As any teenage chemistry student will tell you, dissimilar isomers of the same compound can have drastically different properties, owing to their different geometry.
One of the most famous examples being the birth defect crisis caused by the medical use of the wrong isomer of thalidomide in the 1950s.
Like methamphetamine, there are multiple different geometries that a thalidomide molecule can take. One caused terrible and life-threatening damage to newborns, the other did not.
In Baxter’s case, the isomer of methamphetamine found in his inhaler was an inactive and benign one, with little to no stimulatory properties.
Phew, it looks like everything is as it should be once more; Baxter can keep his medallion, and we can carry on buying Olbas oil without fear of accusations of doping.
Except that’s not what happened to Alain.
Despite a lengthy appeals process, the British skiier never saw his medal returned to him, as it was ceded to Austrian competitor Benny Raich.
The reason?
Well, the officials found their way to deny Baxter of his prize because the list of banned substances, outlined in their rulebook and protocols, did not account for the existence of different isomers of the same compound.
Instead of ackowledging that ingesting one isomer could enhance performance while another could simply alleviate the sniffles, the rules grouped all into a single, named chemical.
The result was that they could still argue that Baxter had a taken a banned substance.
Despite the fact that all parties agreed that Baxter has unknowingly taken the substance, and that the substance did not help him to win his medal, he would ultimately never see it again.
This story is one that resurfaces to me at least once each Olympic cycle.
And each time it does, I find myself increasingly frustrated.

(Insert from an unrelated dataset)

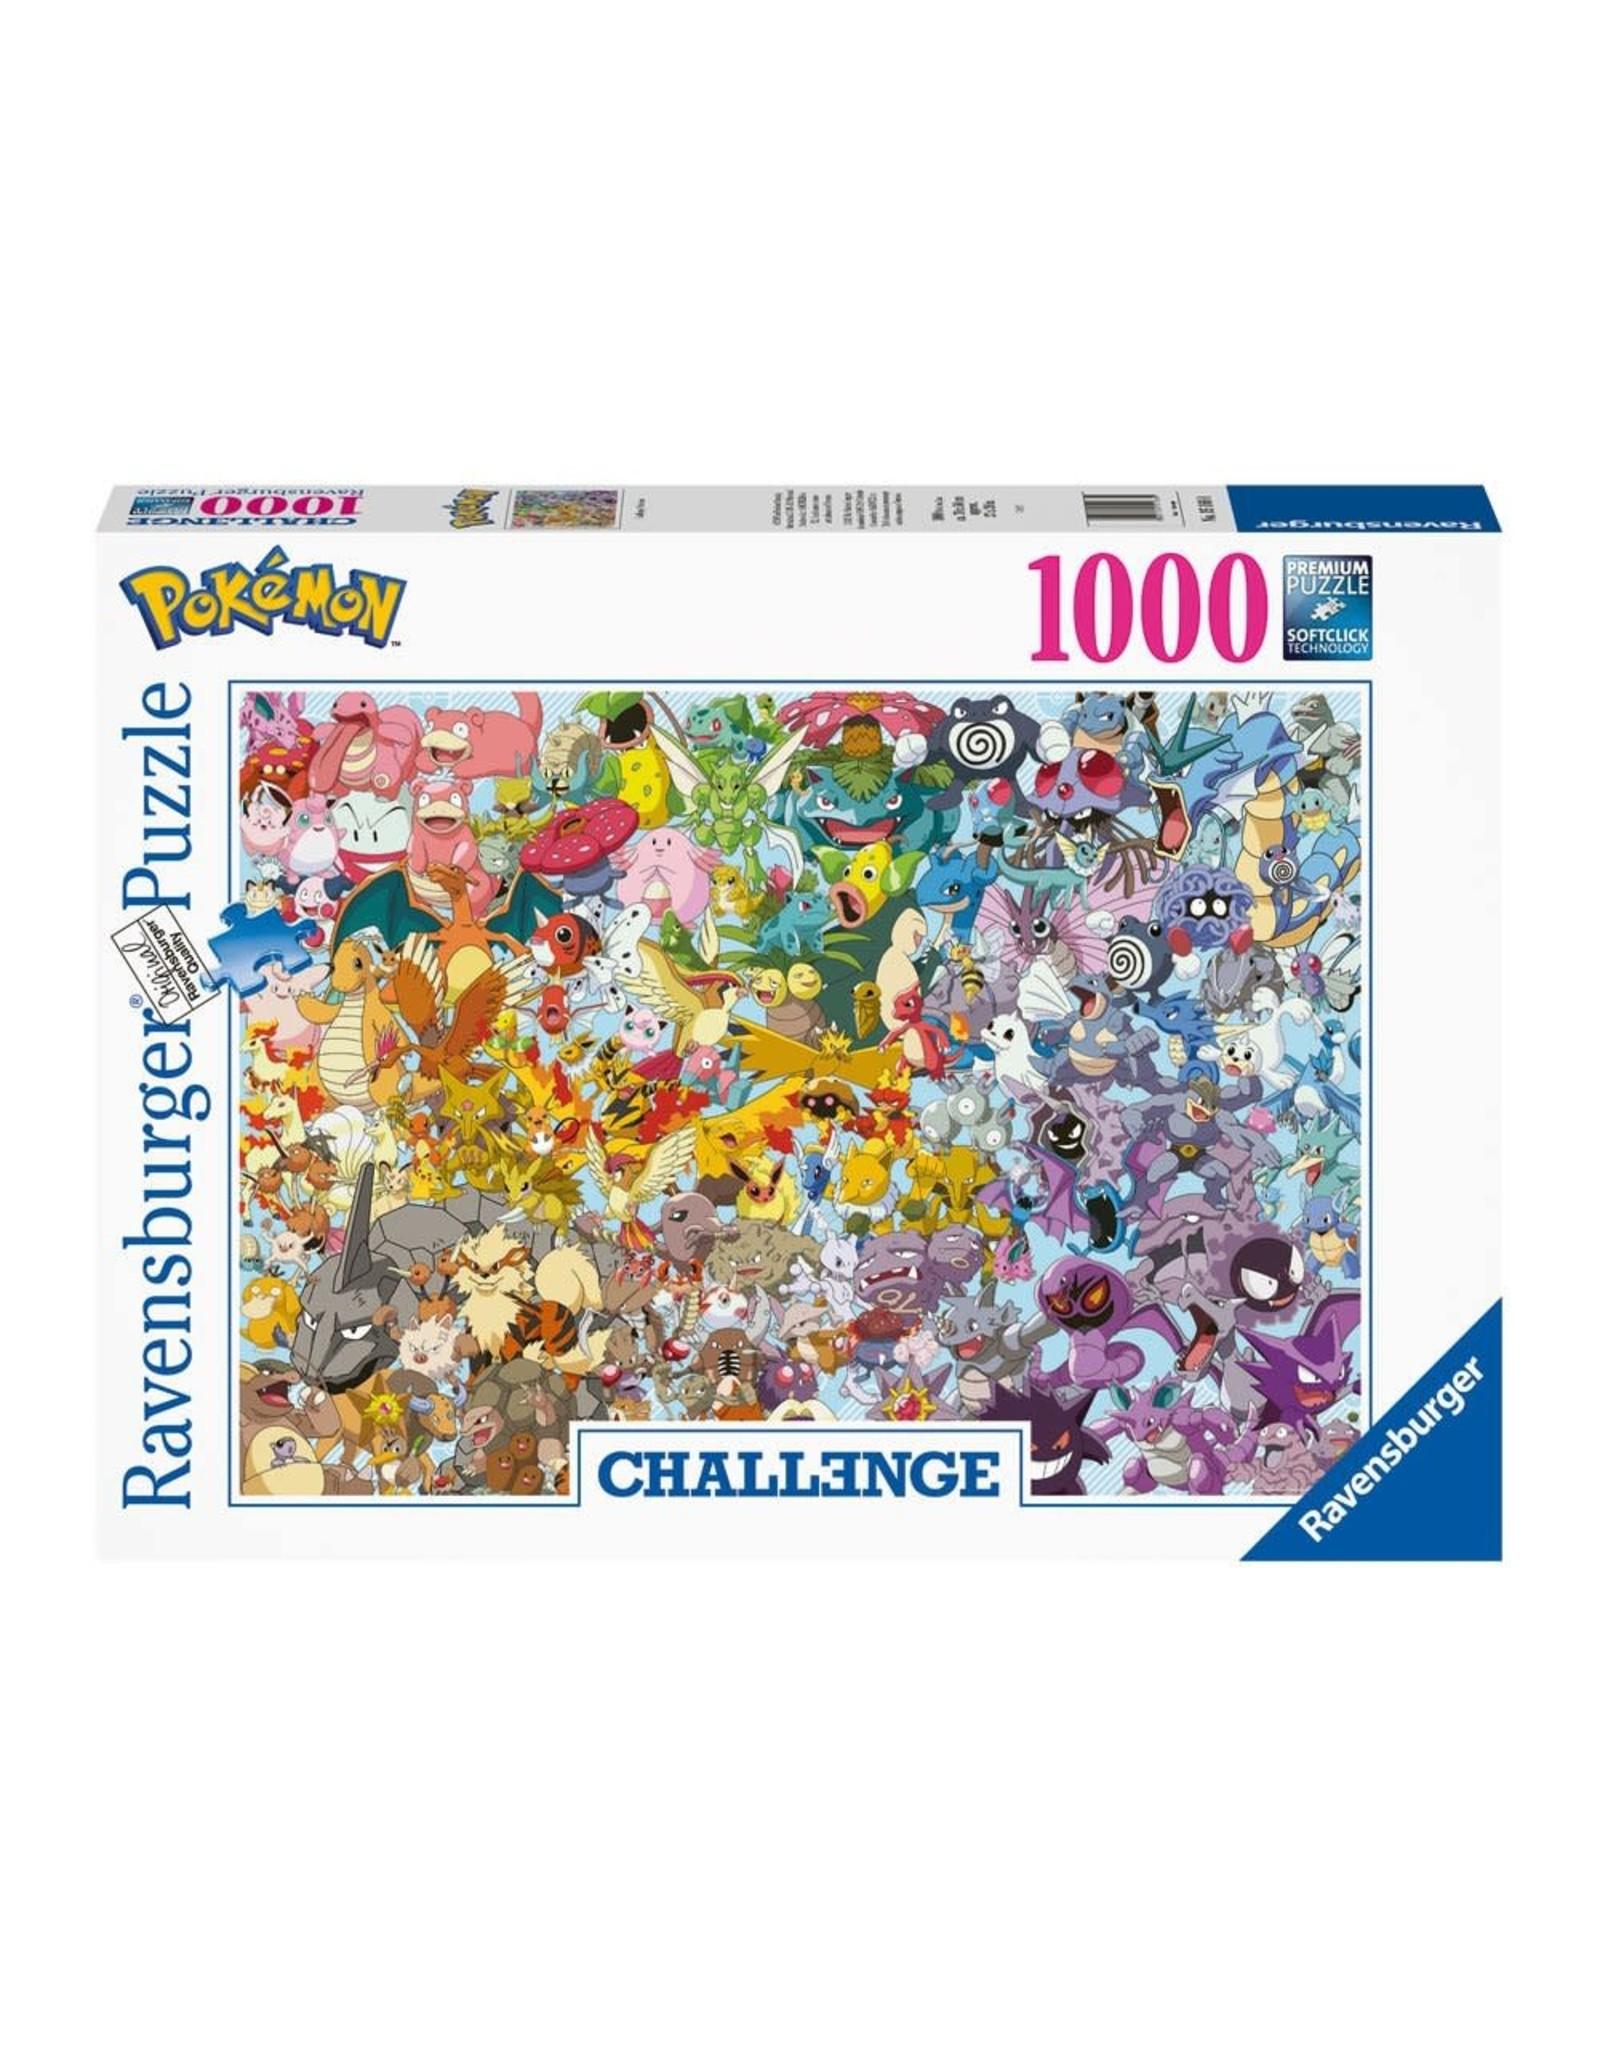 Ravensburger POKEMON Challenge Puzzle 1000P

Why couldn’t common sense prevail?
The only victim here was Alain.
The only crime? An unwillingness to interpret existing protocols in the light of human circumstances and the facts at hand.
It’s a good story to remind us that having an inflexible approach to the application and reinterpreation of rules can have poor outcomes.
This is particularly true in the tech world.
Many proponents of a code-is-law mindest are increasingly vocal of a move toward a world world in which protocol and rules are always machine-executable, and outcomes are even less flexible than in the human domain.
Alain Baxter’s case is an unfortunate failing of the system.
But it is at least a system that was capable of getting his case right; many athletes have since been exonerated in similar circumstances to Alain’s.
Rather than using Baxter’s plight as a motivator for removing the system altogether, we can instead use it as a valuable miscarriage of sporting justice from which to learn.
A smart contract, almost certainly, would have mistakenly found Alain guilty.